We should prove that for even function h

$\int\limits_{-\beta}^{\beta} h(t)\,dt= 2\int \limits_{0}^{\beta} h(t)\,dt.$

We know that h(-x)=h(x).

Let us divide the integral into two parts:

$\int\limits_{-\beta}^{\beta} h(t)\,dt= \int\limits_{-\beta}^{0} h(t)\,dt + \int\limits_{0}^{\beta} h(t)\,dt$ .

We may see that the first integral may be transformed

$\int\limits_{-\beta}^{0} h(t)\,dt = \Big| x = -t \Big| = -\int\limits_{\beta}^{0} h(-x)\,dx = -\int\limits_{\beta}^{0} h(x)\,dx$ because h(-x)=h(x).
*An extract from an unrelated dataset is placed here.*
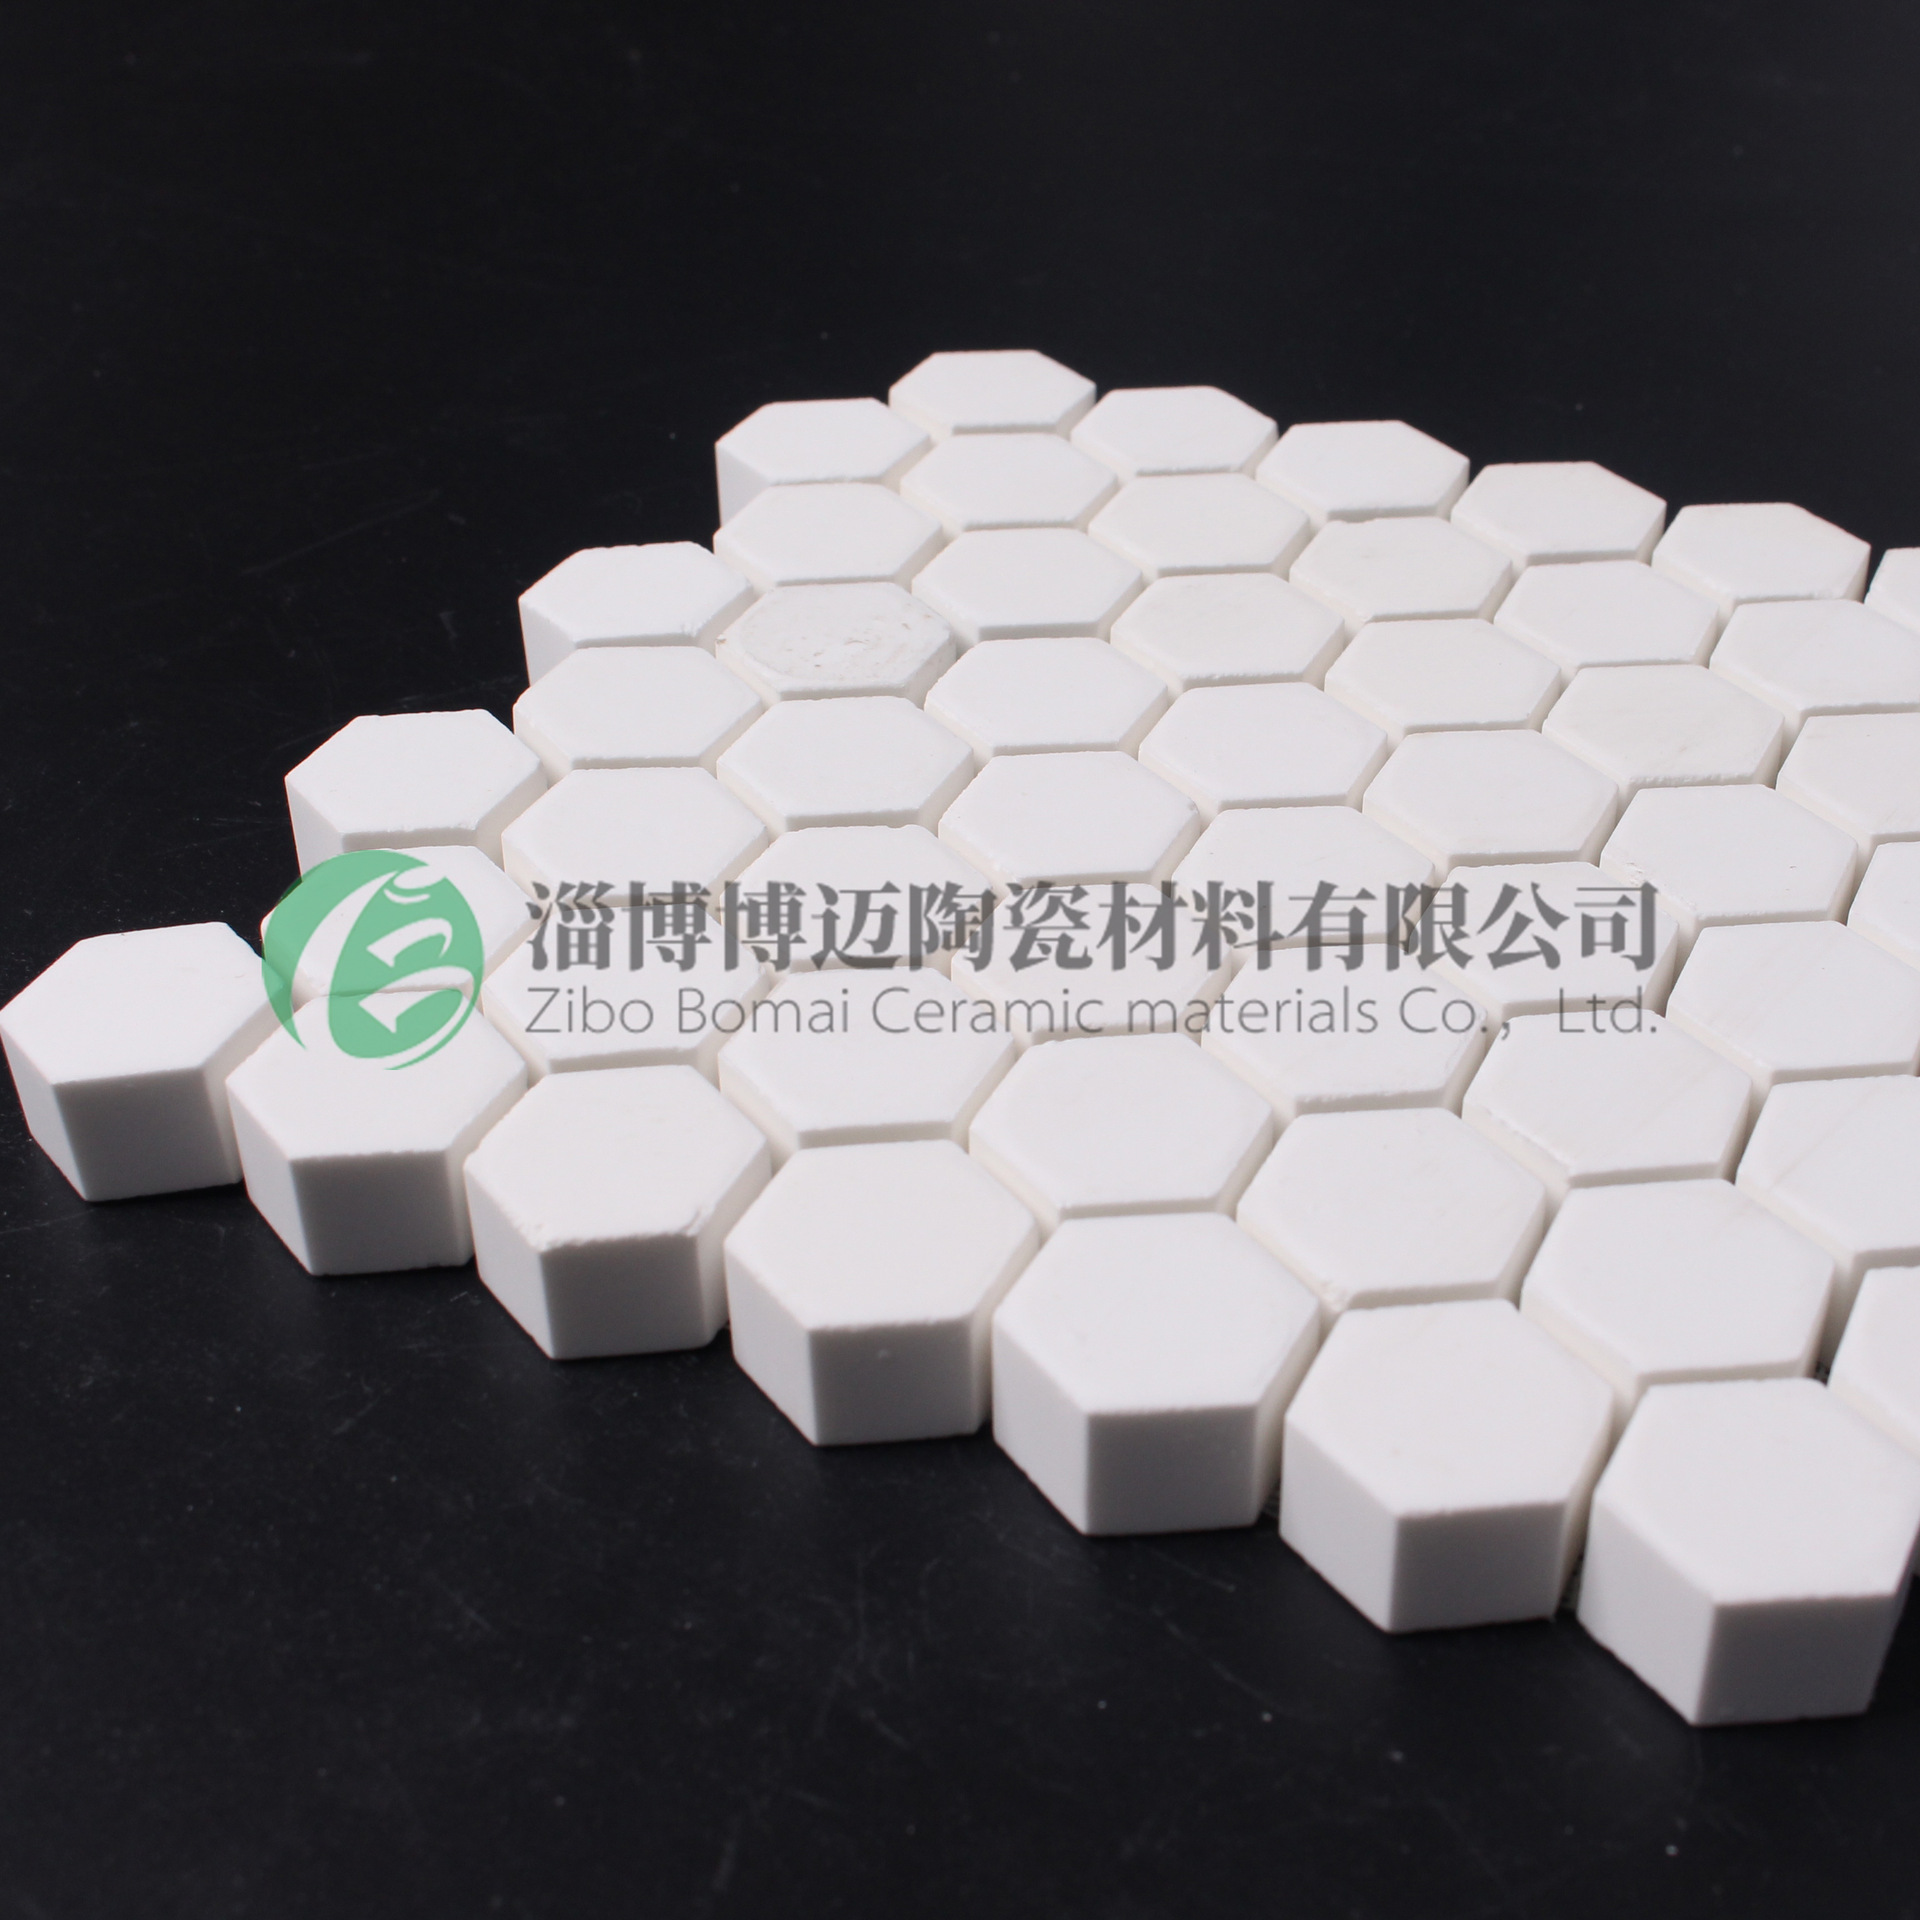 5mm 高铝耐磨瓷片4mm 高耐磨氧化铝陶瓷片 六角片耐磨陶瓷4
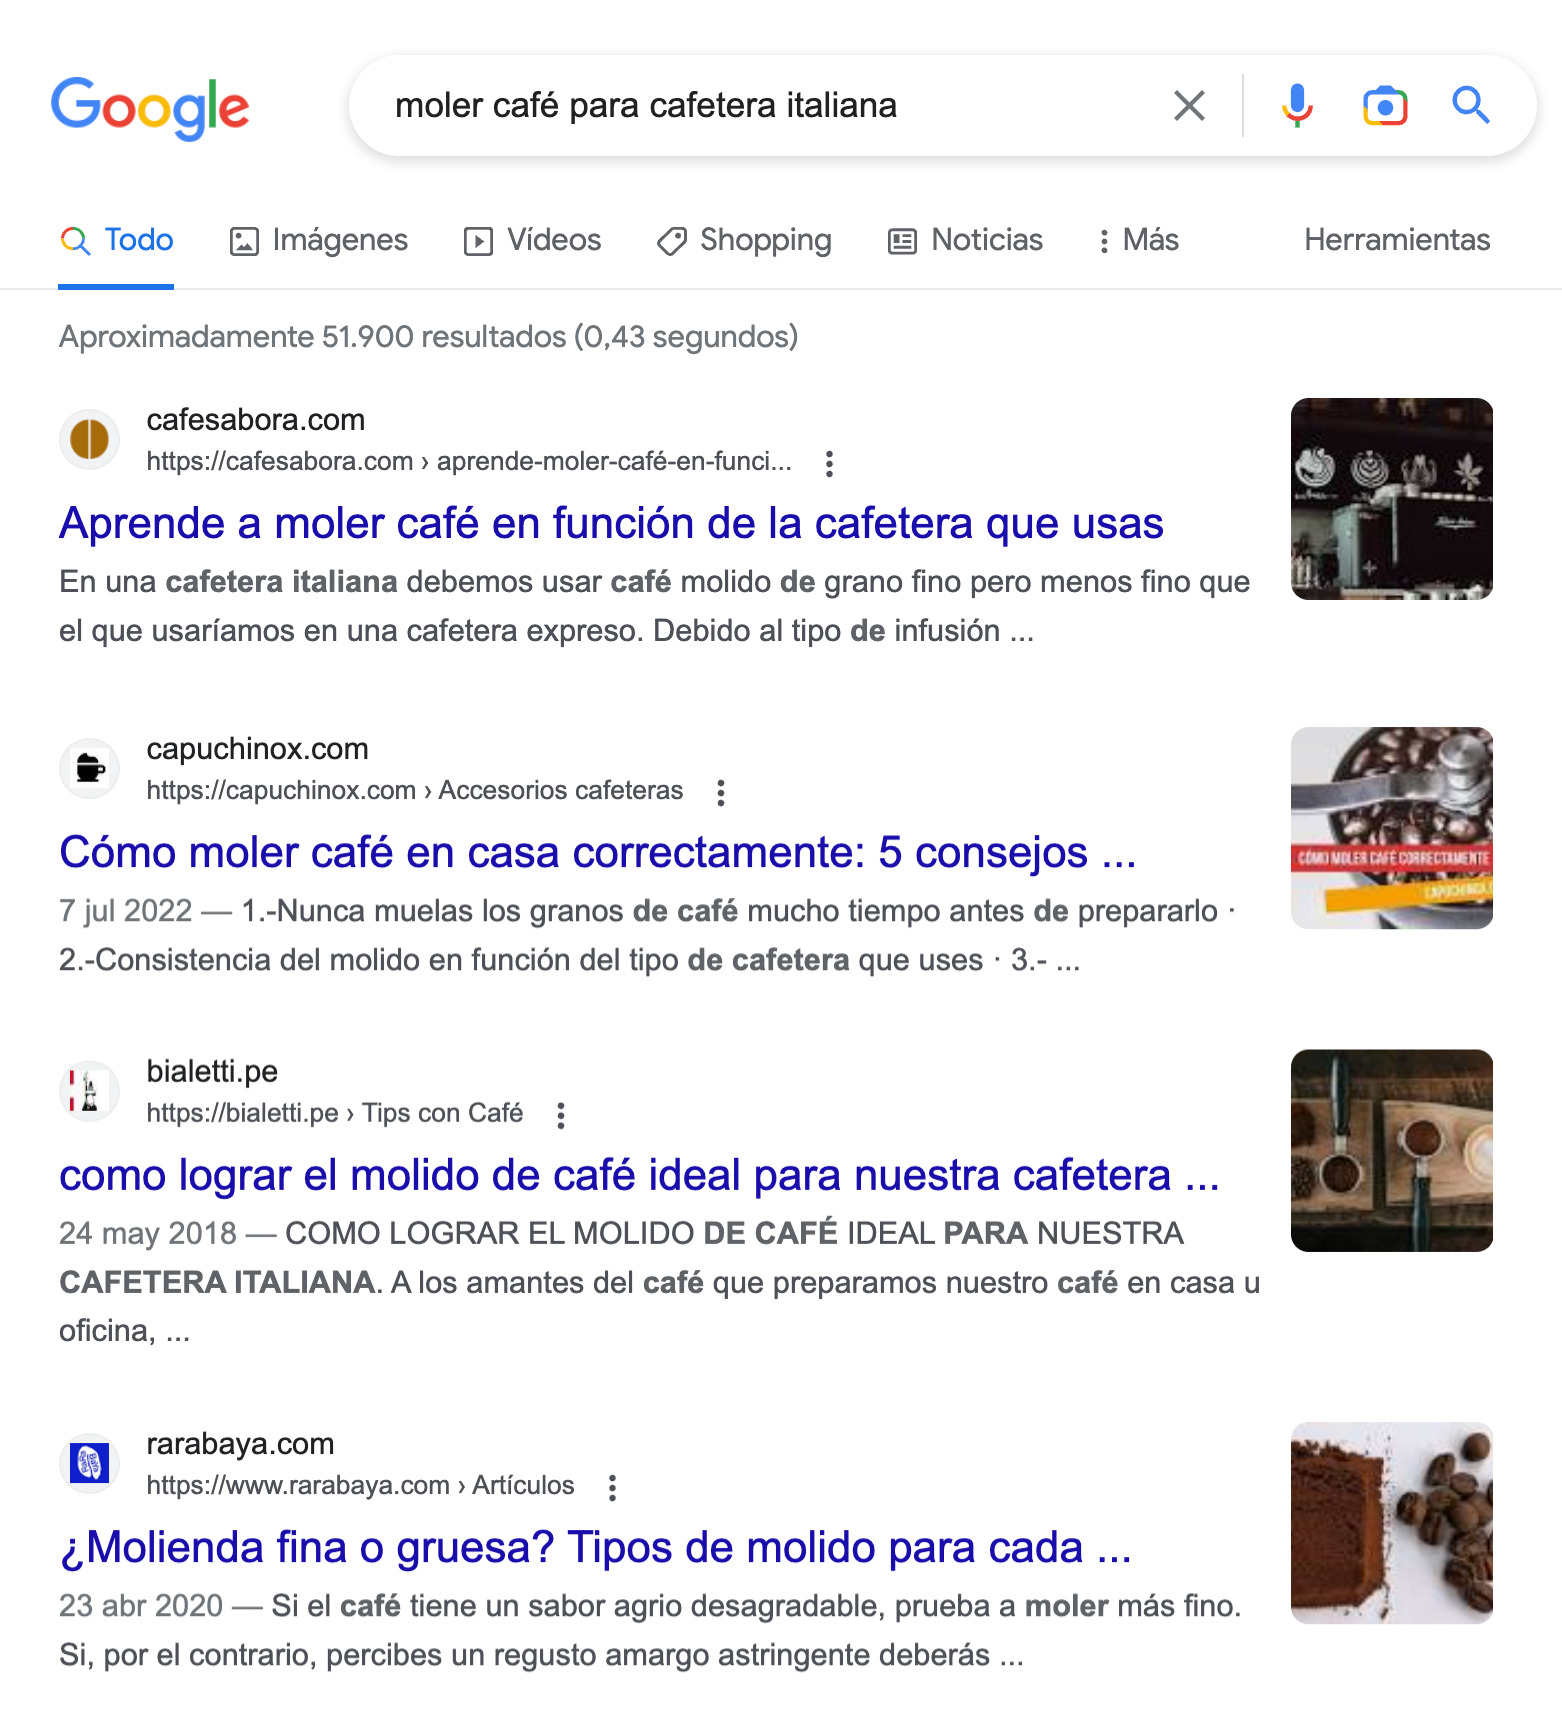 SERP de Google para la consulta "moler café para cafetera italiana"

And $-\int\limits_{\beta}^{0} h(x)\,dx = \int\limits_{0}^{\beta} h(x)\,dx$ .

Therefore, $\int\limits_{-\beta}^{\beta} h(t)\,dt= \int\limits_{0}^{\beta} h(x)\,dx + \int\limits_{0}^{\beta} h(t)\,dt = 2\int\limits_{0}^{\beta} h(t)\,dt$ .